# EXERCISE DATA
____________________
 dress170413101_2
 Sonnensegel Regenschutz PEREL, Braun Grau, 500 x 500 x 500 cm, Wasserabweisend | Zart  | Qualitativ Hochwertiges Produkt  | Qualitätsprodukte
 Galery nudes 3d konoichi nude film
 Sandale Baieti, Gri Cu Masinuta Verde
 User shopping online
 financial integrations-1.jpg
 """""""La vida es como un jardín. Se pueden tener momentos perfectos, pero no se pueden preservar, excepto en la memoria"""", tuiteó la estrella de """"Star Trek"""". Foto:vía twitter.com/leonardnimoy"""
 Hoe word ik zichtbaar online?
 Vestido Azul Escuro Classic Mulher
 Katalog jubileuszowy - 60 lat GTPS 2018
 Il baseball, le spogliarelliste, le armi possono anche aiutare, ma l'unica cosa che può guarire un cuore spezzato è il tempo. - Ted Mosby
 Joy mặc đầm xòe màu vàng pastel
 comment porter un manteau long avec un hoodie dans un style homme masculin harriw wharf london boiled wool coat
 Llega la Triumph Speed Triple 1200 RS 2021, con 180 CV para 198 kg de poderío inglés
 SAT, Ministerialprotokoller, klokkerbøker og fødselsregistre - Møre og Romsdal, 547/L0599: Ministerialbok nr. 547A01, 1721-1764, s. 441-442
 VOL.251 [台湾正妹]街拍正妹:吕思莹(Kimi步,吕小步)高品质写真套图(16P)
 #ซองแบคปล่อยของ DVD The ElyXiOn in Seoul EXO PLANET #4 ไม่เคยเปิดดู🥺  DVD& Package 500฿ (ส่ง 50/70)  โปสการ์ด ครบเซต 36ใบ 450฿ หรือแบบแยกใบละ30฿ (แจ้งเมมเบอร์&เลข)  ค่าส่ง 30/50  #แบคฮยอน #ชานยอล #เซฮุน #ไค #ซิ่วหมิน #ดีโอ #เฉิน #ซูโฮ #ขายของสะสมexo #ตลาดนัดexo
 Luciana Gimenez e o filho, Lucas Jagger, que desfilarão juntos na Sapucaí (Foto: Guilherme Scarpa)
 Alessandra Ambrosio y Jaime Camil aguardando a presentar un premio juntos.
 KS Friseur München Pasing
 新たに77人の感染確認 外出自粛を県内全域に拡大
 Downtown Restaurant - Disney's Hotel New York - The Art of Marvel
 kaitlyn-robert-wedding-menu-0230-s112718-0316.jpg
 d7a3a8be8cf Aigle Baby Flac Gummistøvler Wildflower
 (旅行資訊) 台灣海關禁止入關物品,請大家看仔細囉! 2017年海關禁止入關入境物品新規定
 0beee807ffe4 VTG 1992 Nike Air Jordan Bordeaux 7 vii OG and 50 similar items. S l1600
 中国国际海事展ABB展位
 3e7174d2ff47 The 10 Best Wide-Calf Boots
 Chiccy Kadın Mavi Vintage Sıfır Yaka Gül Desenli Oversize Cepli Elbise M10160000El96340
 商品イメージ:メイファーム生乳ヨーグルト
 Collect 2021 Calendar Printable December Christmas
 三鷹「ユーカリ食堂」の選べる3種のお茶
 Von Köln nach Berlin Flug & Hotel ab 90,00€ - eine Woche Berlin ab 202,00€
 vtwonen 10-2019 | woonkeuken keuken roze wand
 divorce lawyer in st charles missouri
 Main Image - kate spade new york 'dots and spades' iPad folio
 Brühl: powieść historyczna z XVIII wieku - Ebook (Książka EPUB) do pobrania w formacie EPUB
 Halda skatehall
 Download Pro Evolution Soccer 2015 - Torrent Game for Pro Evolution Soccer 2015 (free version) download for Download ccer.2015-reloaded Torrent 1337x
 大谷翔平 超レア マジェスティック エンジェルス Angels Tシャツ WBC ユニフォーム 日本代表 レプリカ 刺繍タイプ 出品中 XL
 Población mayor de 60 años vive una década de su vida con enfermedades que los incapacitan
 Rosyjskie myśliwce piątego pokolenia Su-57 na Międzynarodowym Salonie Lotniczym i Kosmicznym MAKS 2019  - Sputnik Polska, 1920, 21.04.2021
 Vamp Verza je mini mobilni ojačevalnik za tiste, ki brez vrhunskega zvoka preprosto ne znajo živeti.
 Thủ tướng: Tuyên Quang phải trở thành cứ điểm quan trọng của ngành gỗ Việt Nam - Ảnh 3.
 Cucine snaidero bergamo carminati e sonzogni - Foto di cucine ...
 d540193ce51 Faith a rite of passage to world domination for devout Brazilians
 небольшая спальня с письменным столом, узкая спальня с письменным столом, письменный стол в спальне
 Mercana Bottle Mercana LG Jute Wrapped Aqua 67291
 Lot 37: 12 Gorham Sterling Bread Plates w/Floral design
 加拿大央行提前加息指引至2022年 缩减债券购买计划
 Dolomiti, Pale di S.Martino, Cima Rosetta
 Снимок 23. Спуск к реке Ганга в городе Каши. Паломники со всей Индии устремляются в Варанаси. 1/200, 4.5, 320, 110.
____________________
# WHAT YOU WILL DO
Begin with the line that has "KS Friseur München Pasing" in the listing above and end after the line that has "Cucine snaidero bergamo"; output those lines exactly.

# ANSWER TO THIS EXERCISE
 KS Friseur München Pasing
 新たに77人の感染確認 外出自粛を県内全域に拡大
 Downtown Restaurant - Disney's Hotel New York - The Art of Marvel
 kaitlyn-robert-wedding-menu-0230-s112718-0316.jpg
 d7a3a8be8cf Aigle Baby Flac Gummistøvler Wildflower
 (旅行資訊) 台灣海關禁止入關物品,請大家看仔細囉! 2017年海關禁止入關入境物品新規定
 0beee807ffe4 VTG 1992 Nike Air Jordan Bordeaux 7 vii OG and 50 similar items. S l1600
 中国国际海事展ABB展位
 3e7174d2ff47 The 10 Best Wide-Calf Boots
 Chiccy Kadın Mavi Vintage Sıfır Yaka Gül Desenli Oversize Cepli Elbise M10160000El96340
 商品イメージ:メイファーム生乳ヨーグルト
 Collect 2021 Calendar Printable December Christmas
 三鷹「ユーカリ食堂」の選べる3種のお茶
 Von Köln nach Berlin Flug & Hotel ab 90,00€ - eine Woche Berlin ab 202,00€
 vtwonen 10-2019 | woonkeuken keuken roze wand
 divorce lawyer in st charles missouri
 Main Image - kate spade new york 'dots and spades' iPad folio
 Brühl: powieść historyczna z XVIII wieku - Ebook (Książka EPUB) do pobrania w formacie EPUB
 Halda skatehall
 Download Pro Evolution Soccer 2015 - Torrent Game for Pro Evolution Soccer 2015 (free version) download for Download ccer.2015-reloaded Torrent 1337x
 大谷翔平 超レア マジェスティック エンジェルス Angels Tシャツ WBC ユニフォーム 日本代表 レプリカ 刺繍タイプ 出品中 XL
 Población mayor de 60 años vive una década de su vida con enfermedades que los incapacitan
 Rosyjskie myśliwce piątego pokolenia Su-57 na Międzynarodowym Salonie Lotniczym i Kosmicznym MAKS 2019  - Sputnik Polska, 1920, 21.04.2021
 Vamp Verza je mini mobilni ojačevalnik za tiste, ki brez vrhunskega zvoka preprosto ne znajo živeti.
 Thủ tướng: Tuyên Quang phải trở thành cứ điểm quan trọng của ngành gỗ Việt Nam - Ảnh 3.
 Cucine snaidero bergamo carminati e sonzogni - Foto di cucine ...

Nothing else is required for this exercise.